Zoning change would spike land value in more populated area much more closely located to metro center, but it will depress demand on locations further away from the urban center.
No, it isn't.

1/3 of the houses bought in the US are bought by these kinds of organizations. Zoning might matter, but large capital owners are buying up a large fraction of the houses that are for sale and this is obviously driving up prices.

That's not true: https://www.cnbc.com/2025/10/07/home-sales-investors-make-up...

Excerpts:

Real estate investors, both individual and institutional, bought one-third of all single-family residential properties sold in the second quarter of 2025.

Institutional investors are selling more homes than they buy and have been for six consecutive quarters.

While large institutional investors continue to get most of the headlines in the single-family rental space, small investors account for more than 90% of the market.
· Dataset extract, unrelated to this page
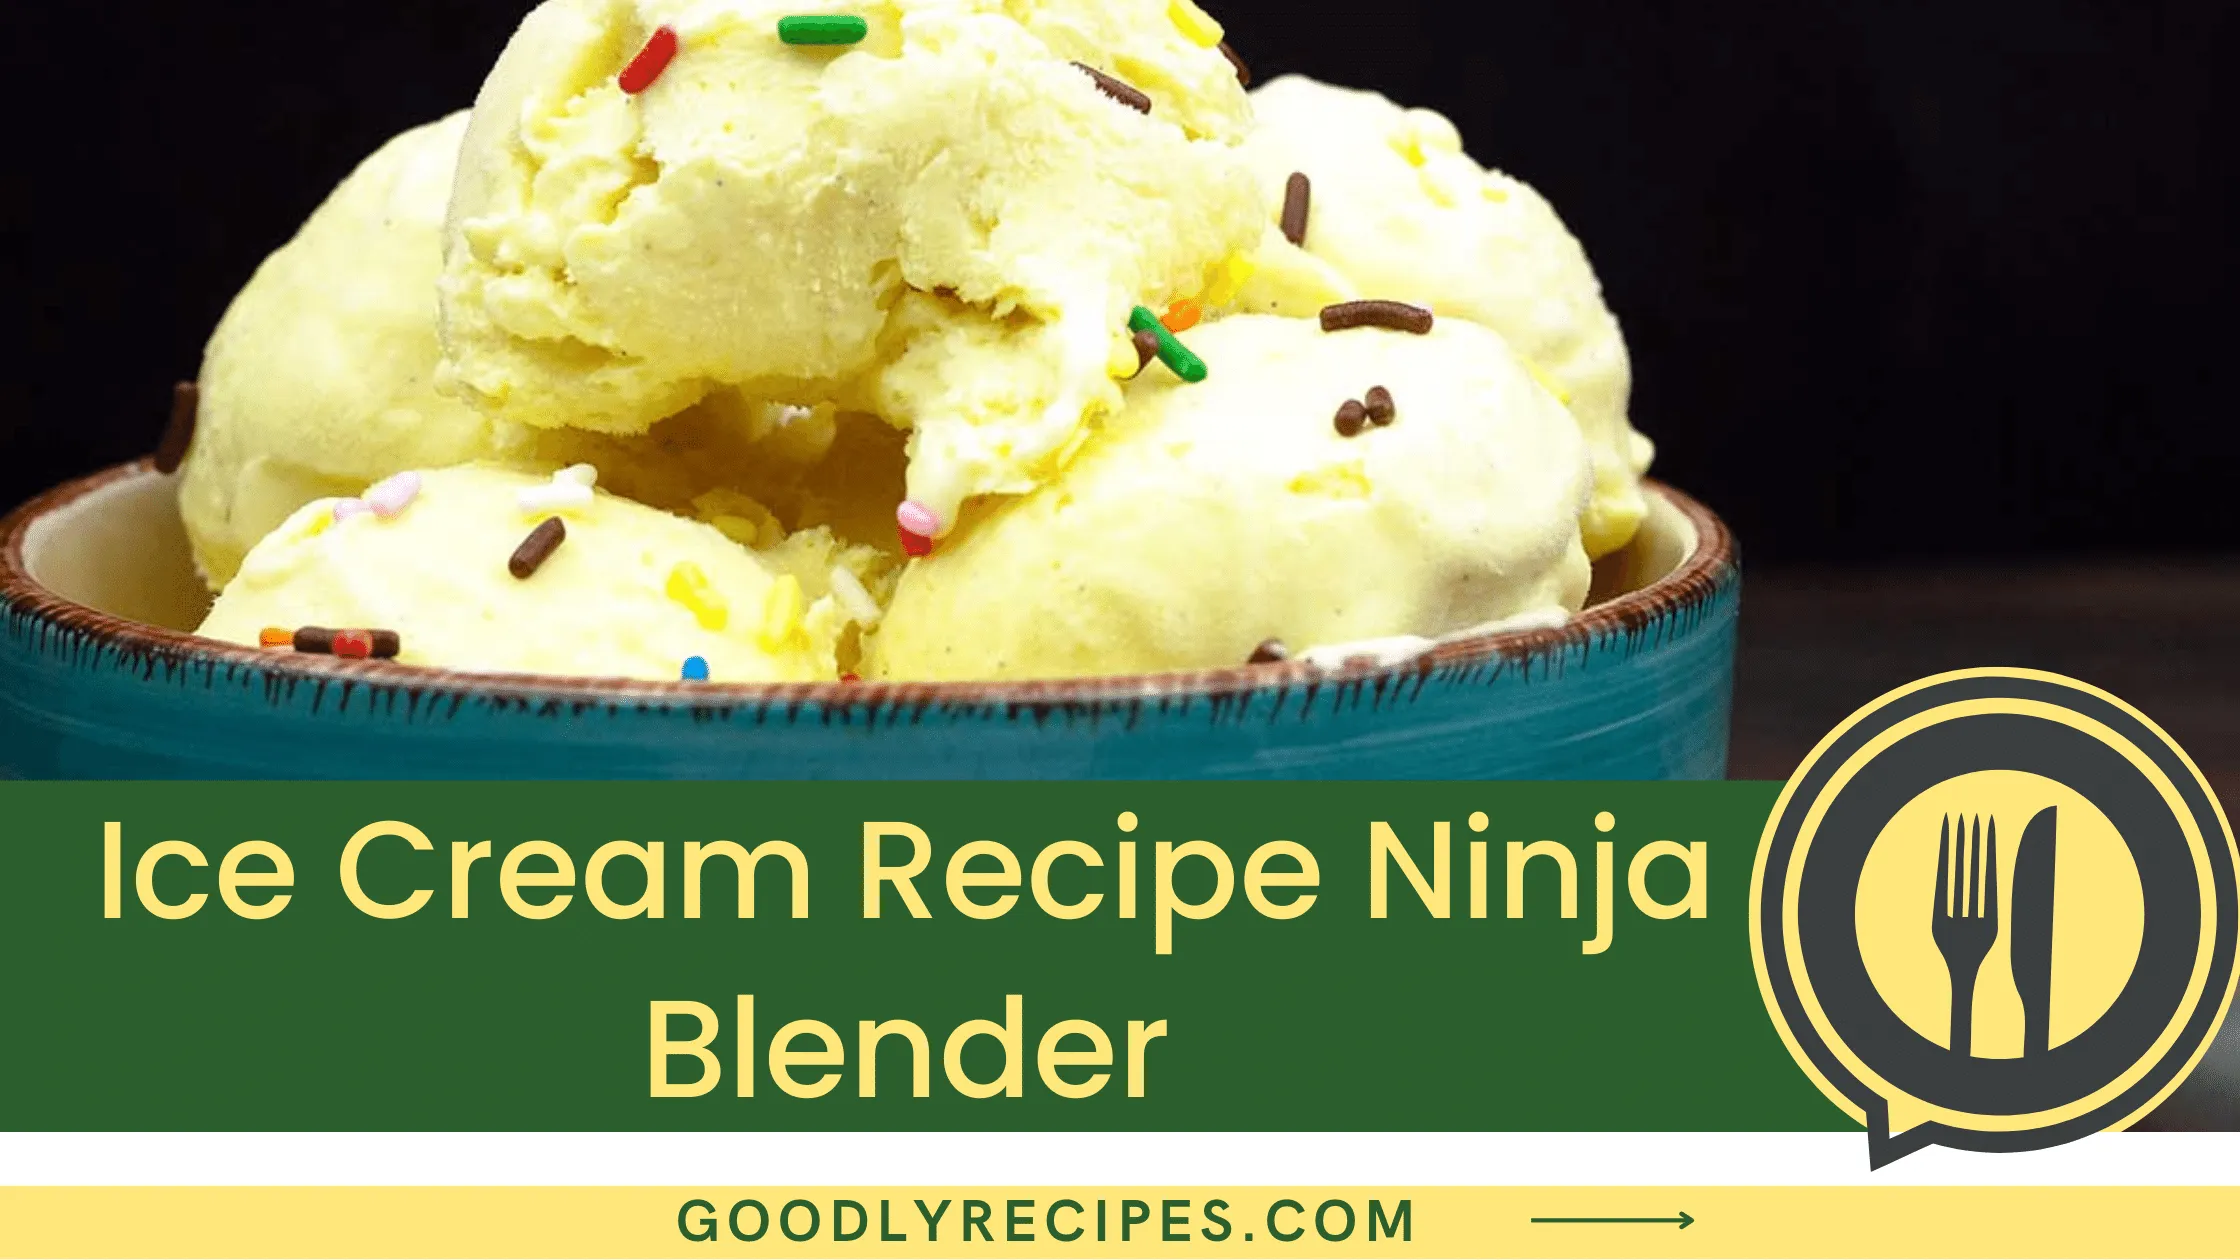 What Is Ice Cream Ninja Blender?
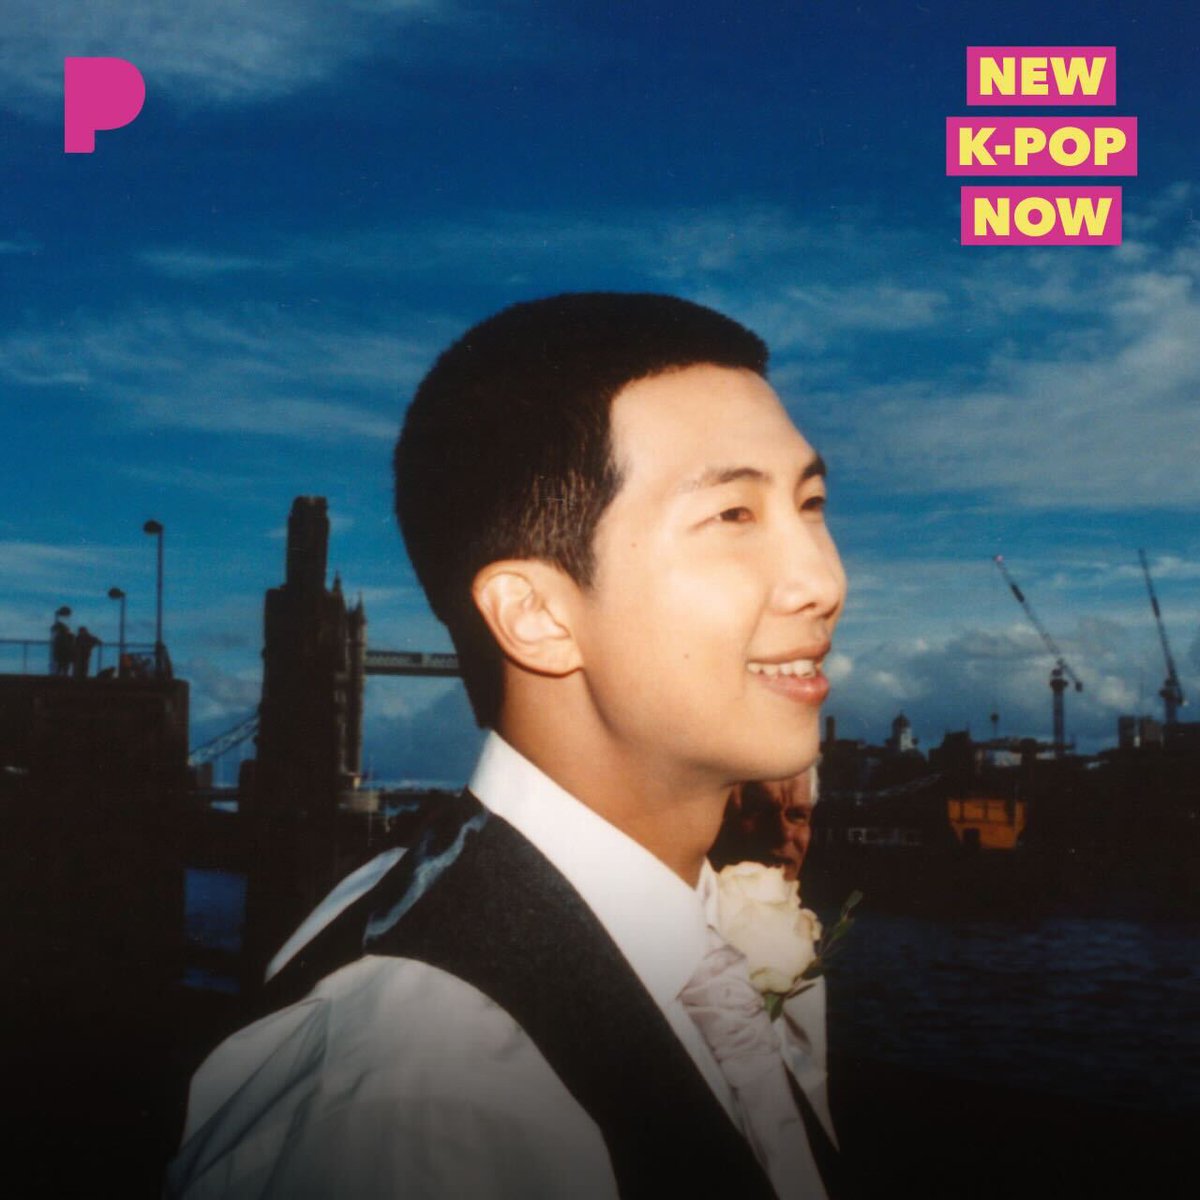 Check out 'LOST!' on New K-Pop @pandoramusic! 🎧 pandora.com/genre/new-k-pop #RM #RM_LOST #RightPlaceWrongPerson

These are individuals owning 10 properties or less. The largest investors, those with 1,000 or more properties, make up just 2% of all investor-owned homes.

That is the same source as I read, but

>Real estate investors, both individual and institutional, bought one-third of all single-family residential properties sold in the second quarter of 2025.

is, as I view things, what I said. You may say that individual real estate investors are not typically large capital owners, but that's a definitional thing, or a matter of assessment that isn't interesting to debate.

No matter how you choose to define it, investors buying homes are buying a substantial fraction of the homes on the market (1/3) and presumably have a substantial effect on prices.

"Definitional things" are often pretty important to productive discourse, and both of the recent comments you responded to with your assertion that "these kinds of organizations" are buying up 1/3rd of homes were clearly talking about large institutional investors, not some guy who owns a few rental homes.
I see this as making no difference to buyers.

It's entities bigger than them driving up prices. The adversarial situation might even be even more apparent with the guy buying up 'a few' rental homes.

You’re commenting on a story about how housing demand is cooling, so why are you talking about how investors are driving prices up? Especially when the institutional investors are selling more than they’re buying…
And who owns those buildings?
Most old NIMBYs of past generations who already got theirs.
Building like cars depreciates over time, while land don't. Economic rent is in the land.
Calling it a "subsidy for existing owners" is a slighty of hand that avoids blaming the literal hordes of useful idiots who are happy to see all manner of asinine provisions written into the zoning code to cater to their interest, whatever that may be. If it were just property owners it wouldn't have gotten done. It's busybodies, environmentalists, moralizing jerks, etc, etc that provide the necessary political will.
> The real reason (everywhere in US and Europe) is zoning

This is a lie fed to you by the rich lobby. Destroying zoning would launch the value of the land current owners have into the stratosphere.